Возьмем какой-нибудь дом, какую-нибудь страну или регион. Все это – реальные среды актуализации, географические или социальные. Но дело выглядит так, словно они – целиком или частично – сообщаются с изначальными мирами изнутри себя. Изначальный мир может характеризоваться искусственностью обстановки (опереточное княжество, лес или болото в съемочном павильоне) в такой же степени, как и подлинностью заповедной зоны (настоящая пустыня, девственный лес). Изначальный мир можно узнать по его аморфному характеру: это чистый фон или, скорее, бездна, составленная из бесформенных видов материи, «эскизов» или кусков, для которых характерны динамическая энергия действия и неоформленные функции, не отсылающие даже к возникающим в нем субъектам. К обитателям такого мира относятся, например, животные, завсегдатай салонов, хищная птица, любовник, козел, бедняк, гиена. Им не свойственны форма или конкретный тип поведения; их поступки предваряют какую бы то ни было дифференциацию человека и животного. Это звери в человеческом облике. Собственно, импульсы являются не чем иным, как звериным началом: это энергия, помогающая овладевать кусками, которые разбросаны в изначальном мире. Импульсы и куски находятся в строжайшем соотношении между собой. Конечно, нельзя сказать, что импульсам недостает разума: им присущ даже какой-то дьявольский разум, благодаря которому каждый импульс забирает ему причитающееся, дожидается своего момента, откладывает на будущее собственный жест и «берет взаймы» зачаточную форму, помогающую ему с б о льшим успехом совершить нужный поступок. Тем не менее изначальный мир имеет законы, наделяющие его непротиворечивостью.
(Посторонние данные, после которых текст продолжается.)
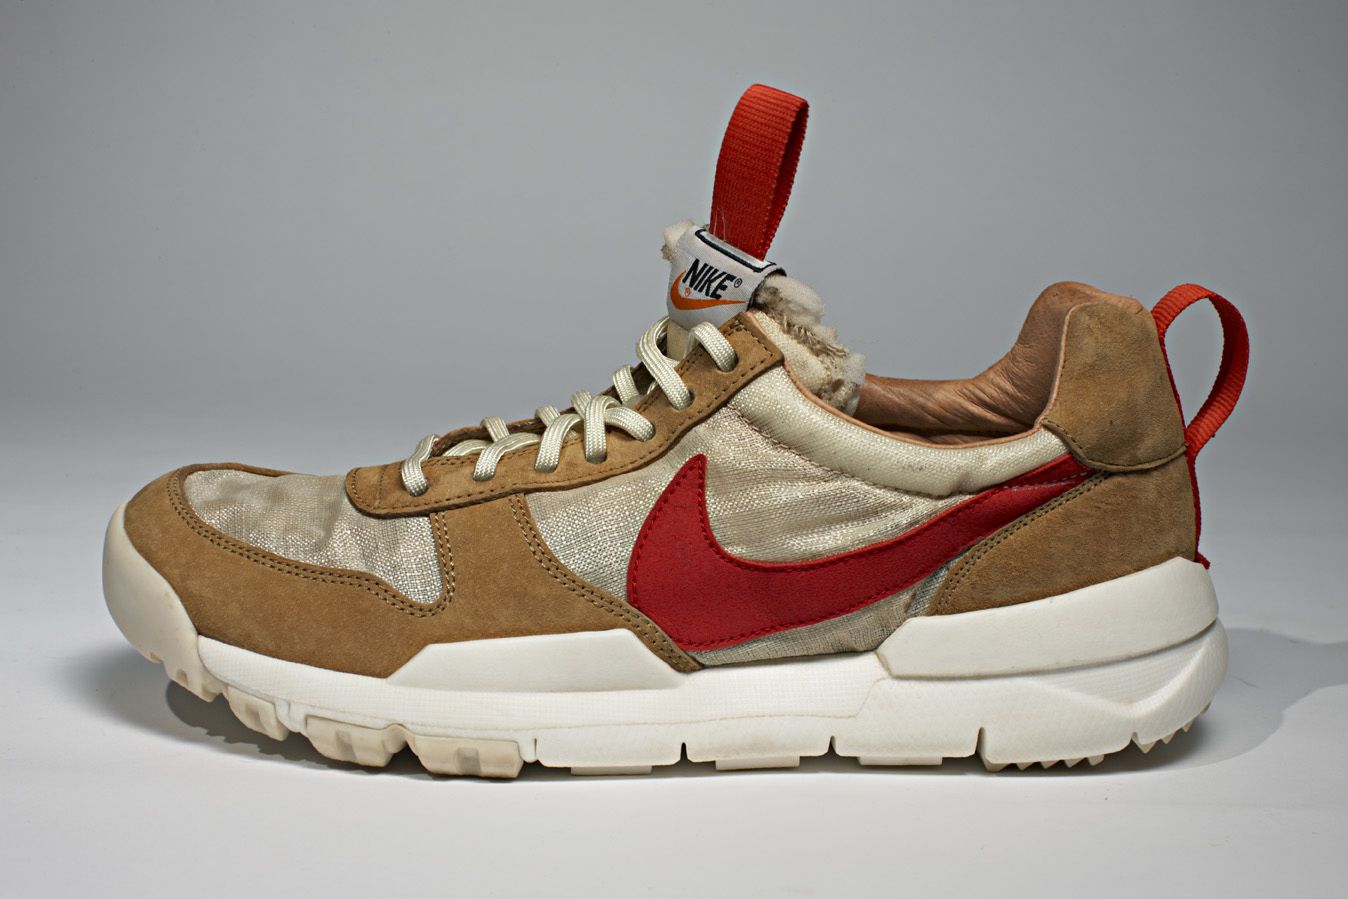 NIKECRAFT, TOM SACHS AND NIKE'S STORY

Прежде всего это мир Эмпедокла, состоящий из набросков и кусков: голов без шей, глаз без лба, рук без плеч, жестов без формы. Но это также и множество, объединяющее все, не через организацию, а через конвергенцию всех своих частей в беспредельном поле нечистот или в болоте, а также соединяющее все импульсы в великом импульсе смерти. Стало быть, изначальный мир представляет собой сразу и радикальное начало, и абсолютный конец; и в итоге он связывает первое со вторым и вкладывает одно в другое сообразно закону наибольшей крупицы (наиболее крутого склона). Следовательно, это мир весьма специфического неистовства (которое в определенных отношениях является радикальным злом); но заслуга его в том, что он порождает изначальный образ времени, с началом, концом и склоном, – всю жестокость Кроноса.
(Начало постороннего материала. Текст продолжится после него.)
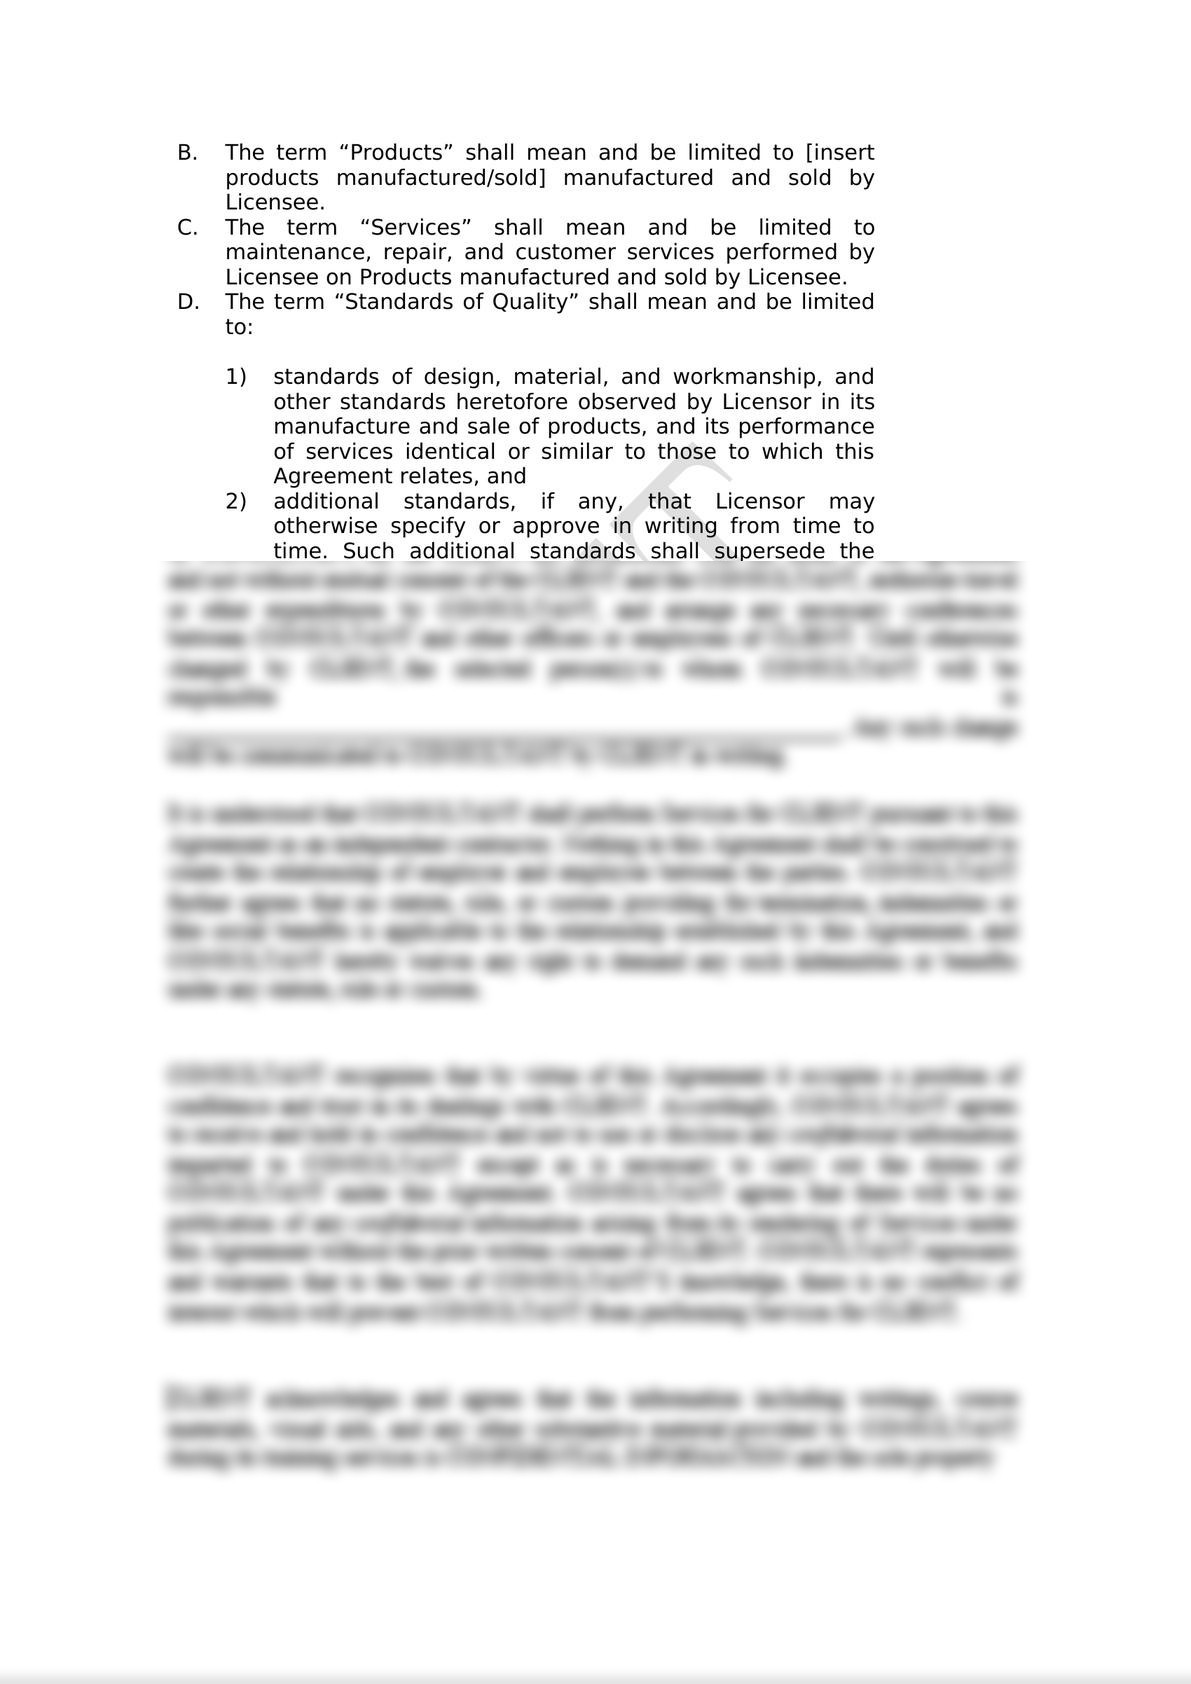 Inter-Company Intellectual Property Licensing Agreement-1

Это натурализм. И он не противостоит реализму, но, напротив, подчеркивает его характерные черты, продлевая их особого рода сюрреализмом. Сущность натурализма в литературе определил Золя: это ему принадлежит идея дублирования реальных сред изначальными мирами. В каждой из своих книг он описывает точные координаты некоей среды, но также исчерпывает эту среду, возвращая ее изначальному миру: именно из этого «вышерасположенного» источника проистекает выразительность его реалистических описаний. Реальная и актуальная среда и есть среда из мира, определяемого радикальным началом, абсолютным концом и линией наиболее крутого склона.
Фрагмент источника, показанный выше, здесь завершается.